Reproduce the listing word for word, leaving every picture behind.

RECORDED INFORMATION:
○ ○ ○ ○ ○ ○ ○
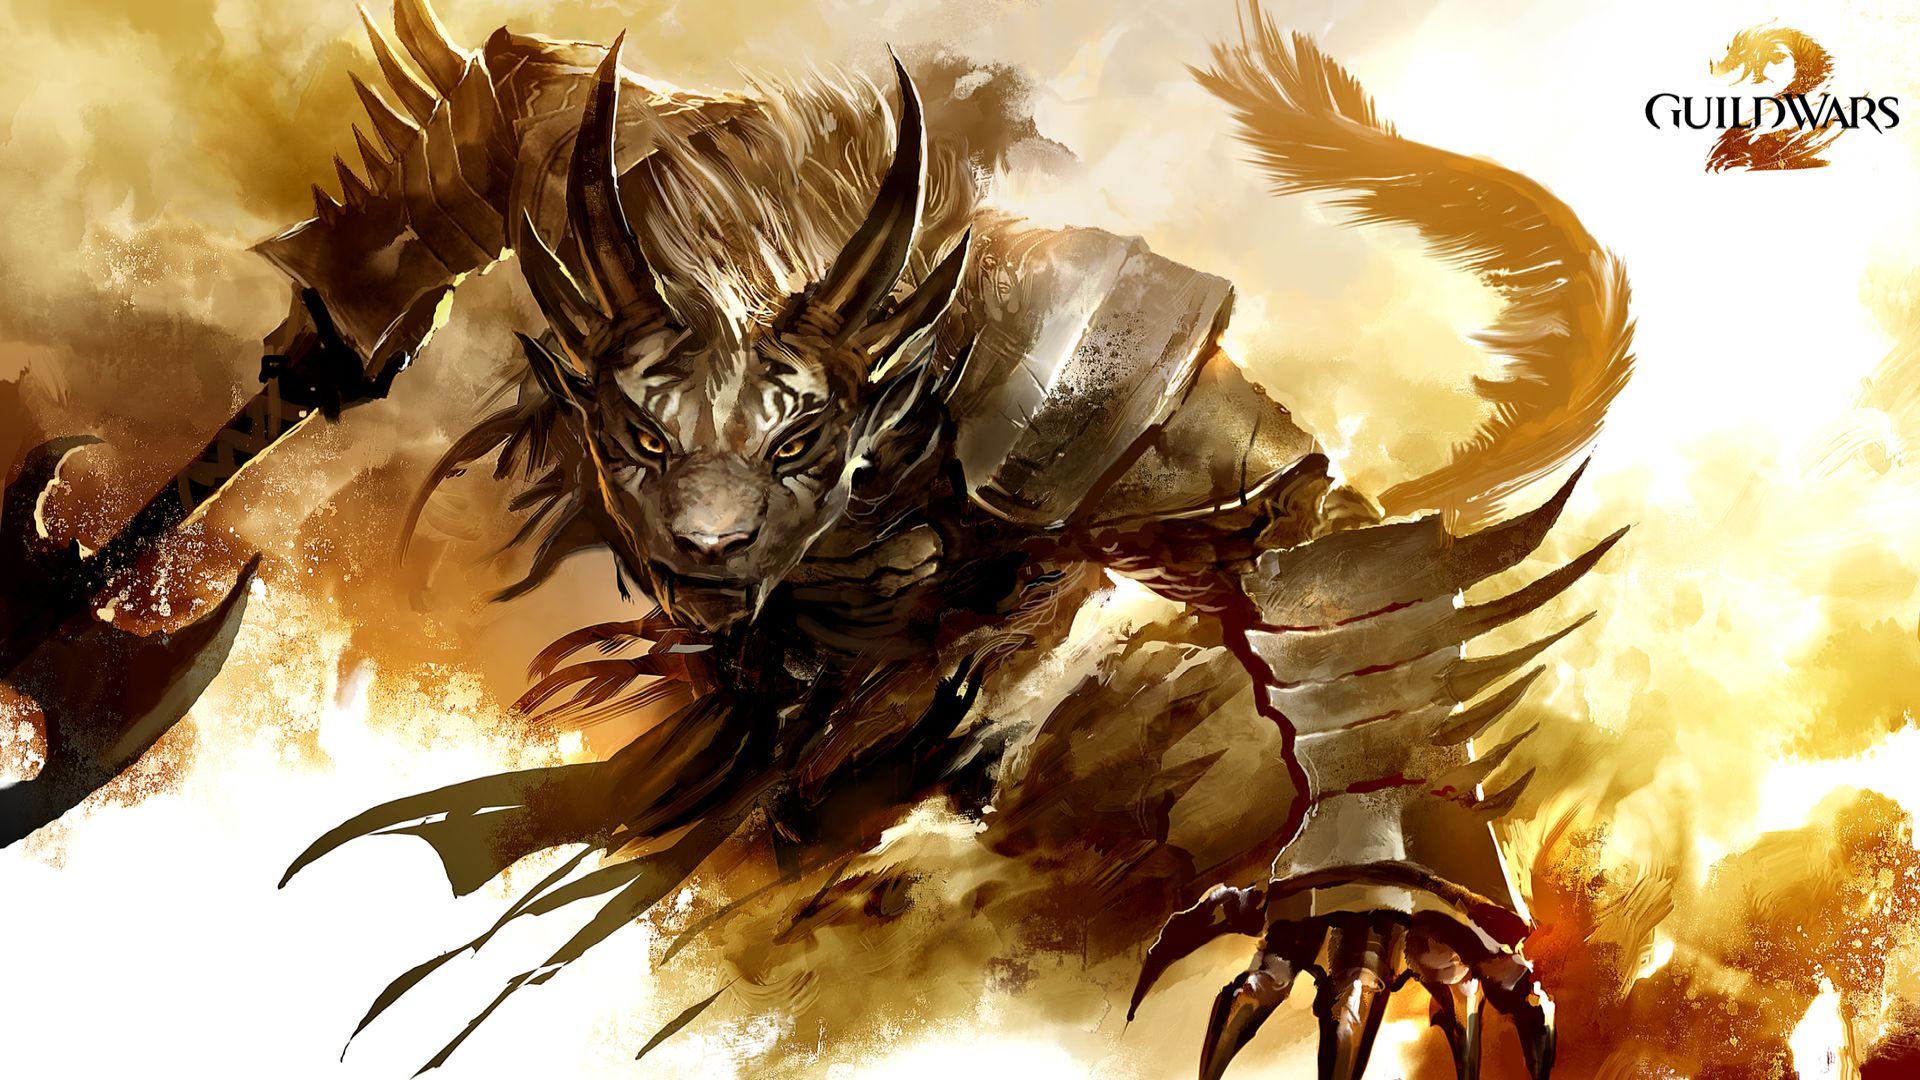 Unterwegs in Guild Wars 2 mit den neuen Pazifisten-Katzen!
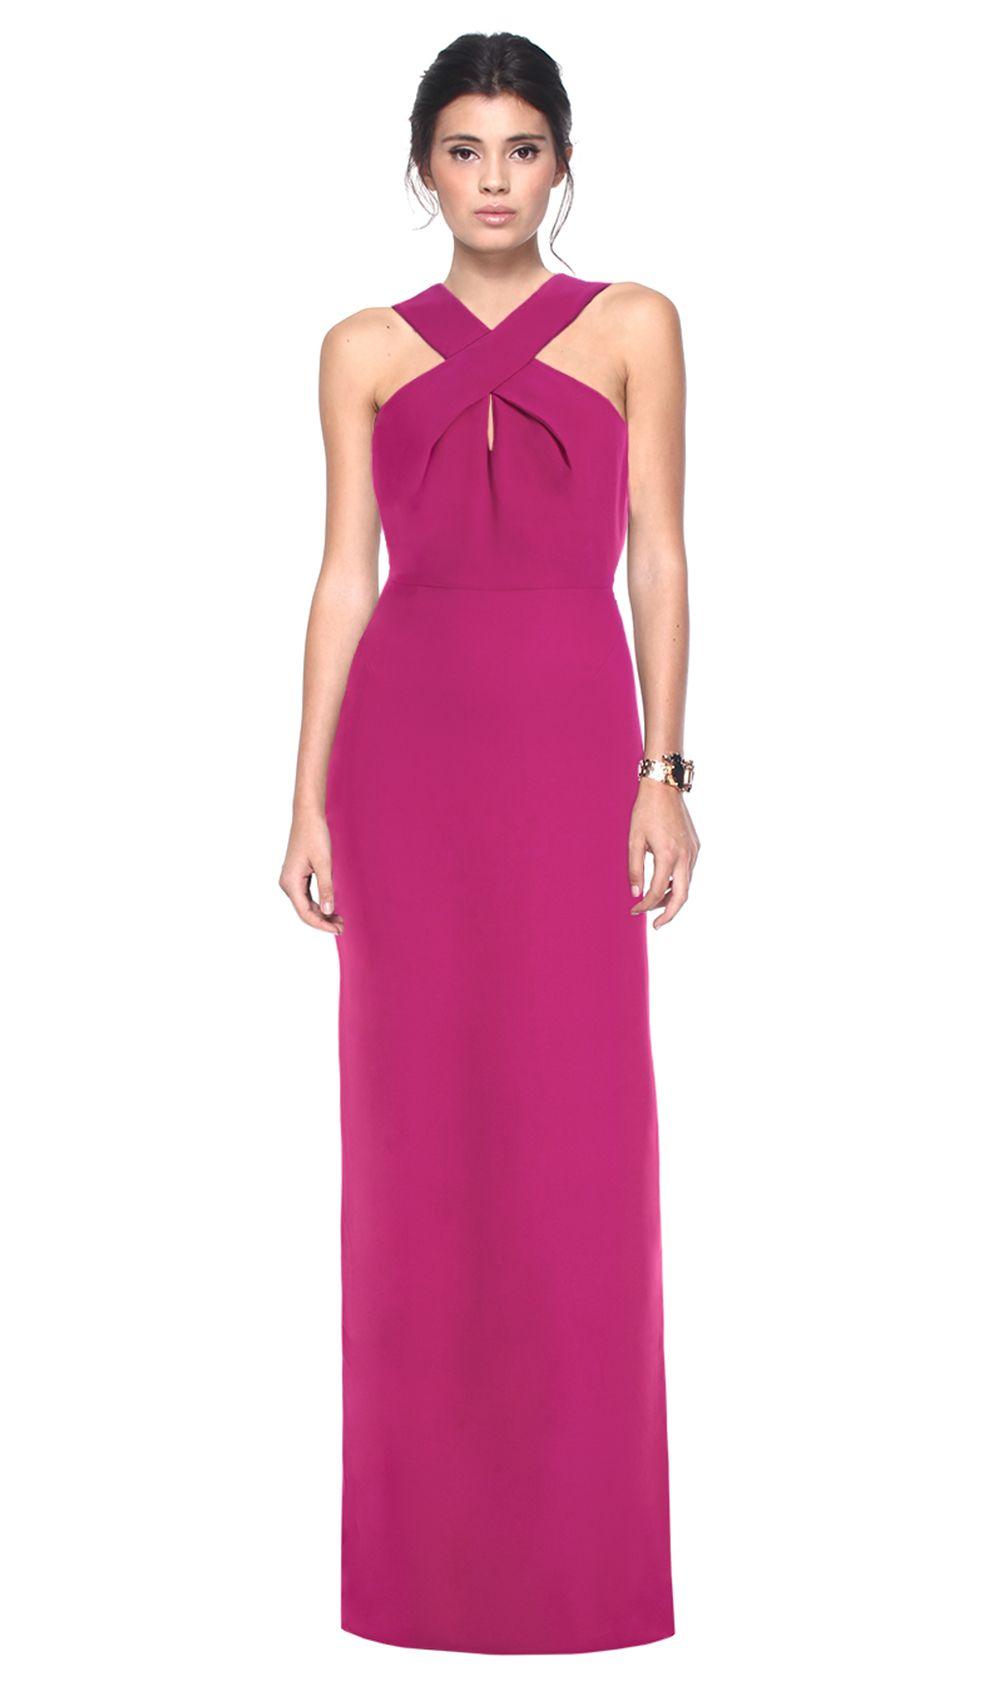 Vestido Longo Rosa em seda | Estilo | Pinterest | Vestiditos, Alta ...
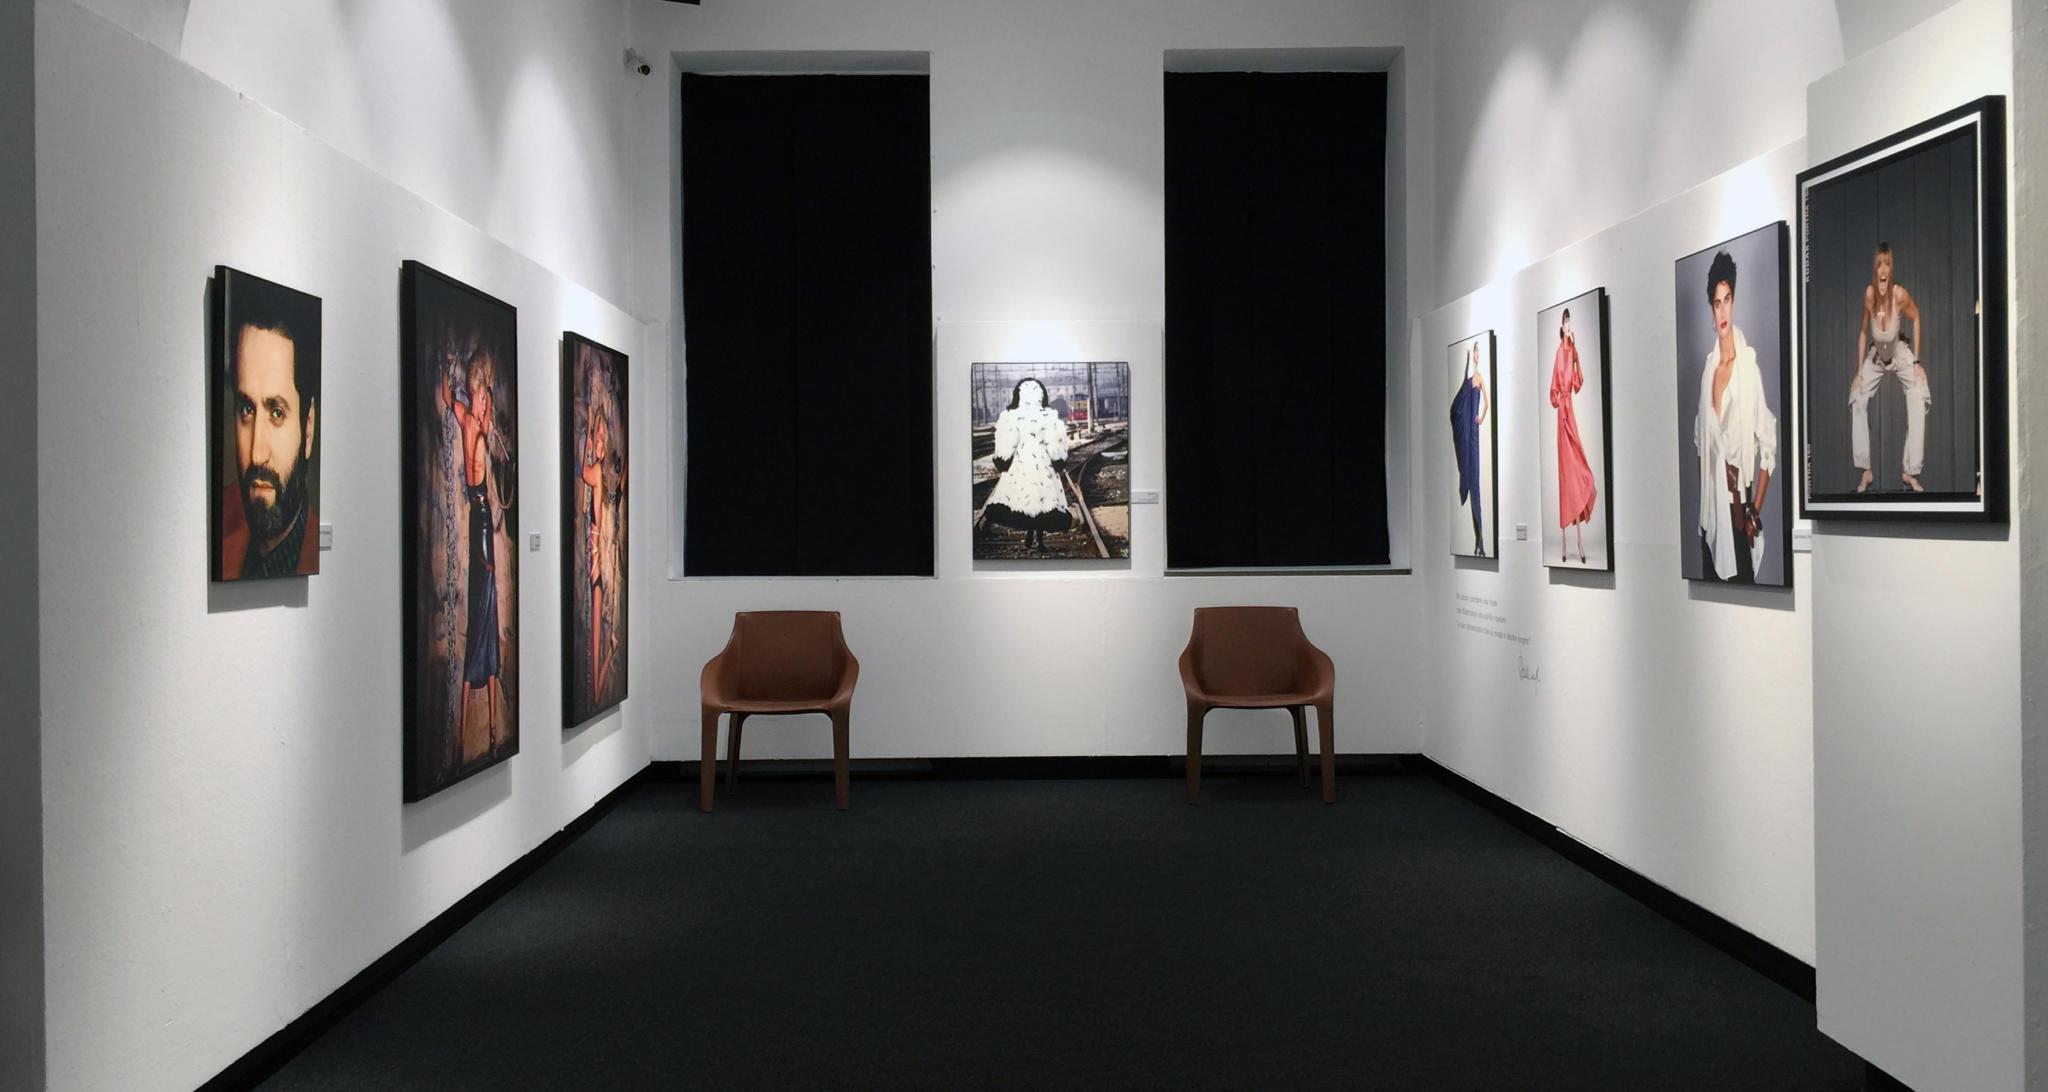 Bob krieger imagine al quadrilatero della moda a milano for Palazzo morando
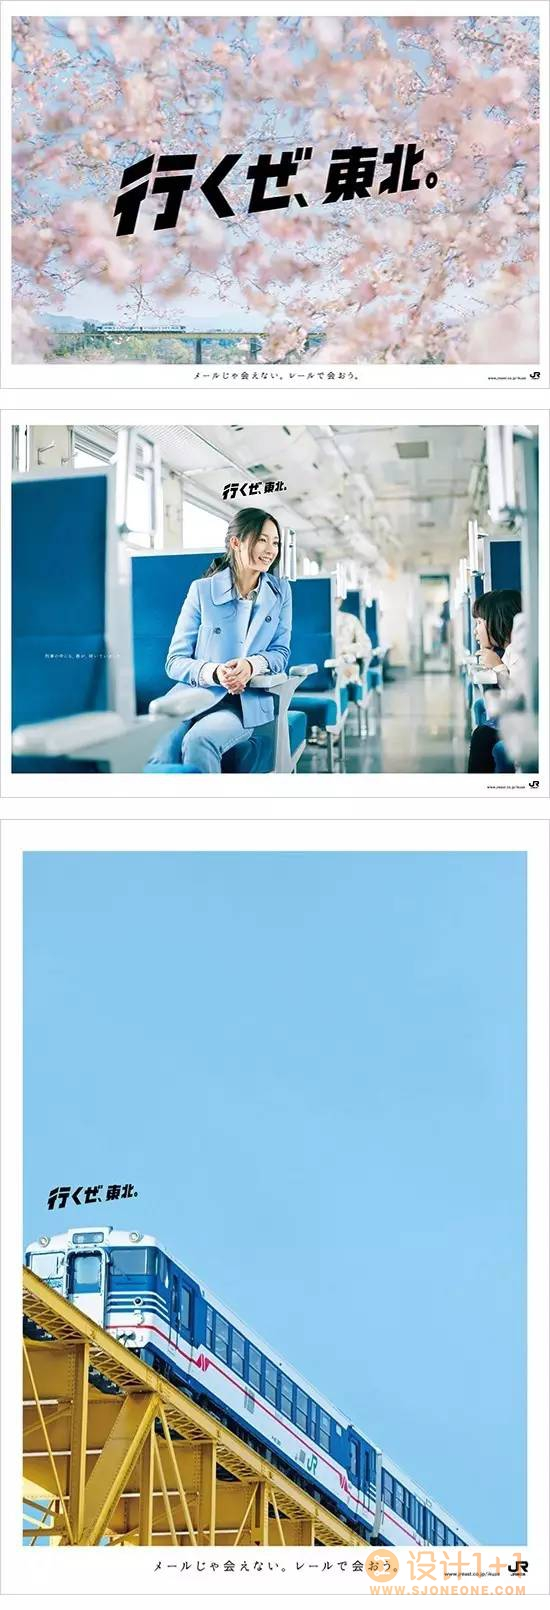 40幅日本海报设计作品
○ ○ ○ ○ ○ ○ ○
ANSWER TO THIS TASK:
 Unterwegs in Guild Wars 2 mit den neuen Pazifisten-Katzen!
 Vestido Longo Rosa em seda | Estilo | Pinterest | Vestiditos, Alta ...
 Bob krieger imagine al quadrilatero della moda a milano for Palazzo morando
 40幅日本海报设计作品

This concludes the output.